Back in 2011, the farm buildings also remain on Taransay. The sale brochure describes them as "the Bothy" and providing "fairly basic" accommodation for groups of up to 10 people. For estate agents to describe something in such lukewarm terms must mean it's pretty crap and I'd guess it's not been maintained since the Castaways lived there in 1999. Certainly, the Bothy is not advertised as self catering holiday accommodation as the farmhouse and old school are on the island's website.


If they were situated on Harris (where there would be mains electricity and a public road to the front door so you can reach them 365 days a year!), the farmhouse would probably be worth about £150,000, the old schoolhouse about £100,000 and "the Bothy" about £50,000. So, given that the profits from a sheep farm on the mainland, never mind an offshore island are sweeties, what are you paying the other £1.7 million for on Taransay?

Well, a whole lot of this:-


and a big chunk of that:-

The thing is, you don't need to buy the right to enjoy "that". There's no such thing as a private island in Scottish Law a la Mustique or Necker Island in the Caribbean. Any yachtsman or kayaker is at liberty to land on Taransay and, provided he behaves "responsibly" and doesn't do it on the doorstep of the farmhouse or the other buildings while anyone's staying there, have a barbecue, camp for the night or walk all over the island. He wouldn't be allowed to fish the lochs or shoot the deer but I'm not sure that dubious privilege is worth paying seven figures for.
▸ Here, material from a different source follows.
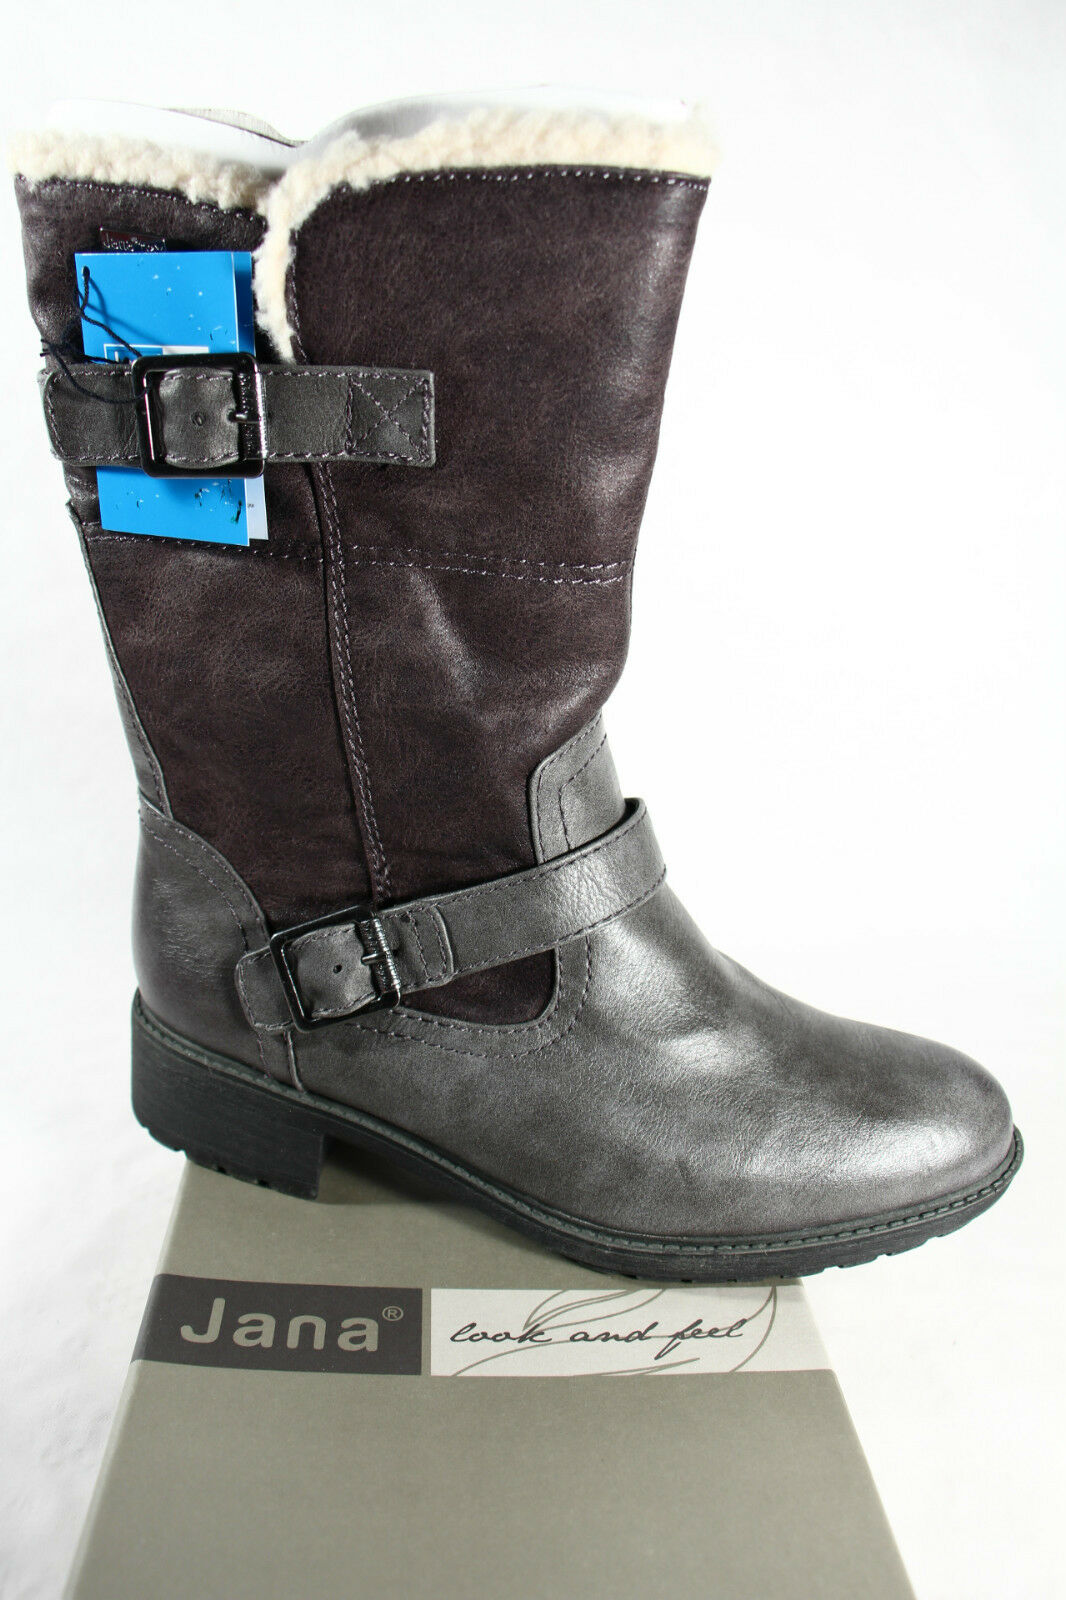 Jana Tex Stiefel, Winterstiefel, Stiefel grau, Warmfutter; Profilsohle RV26441 NEU

  In reality, the estate agents are hoping there's someone out there gullible enough to cough up nearly two big ones solely for the privilege of being able to say they're the owner of Taransay - it's really just an upmarket version of these rackets where you buy a square foot to call yourself the "laird" of Glen Teuchter.

Enter Ben Fogle, daytime TV presenter and most famous of the Castaways. He's been quoted in the Stornoway Gazette saying he wants to get a consortium together to buy Taransay for a wildlife reserve. Well, it's kind of already a wildlife reserve, Ben - it doesn't need you and your chums' money to make it one!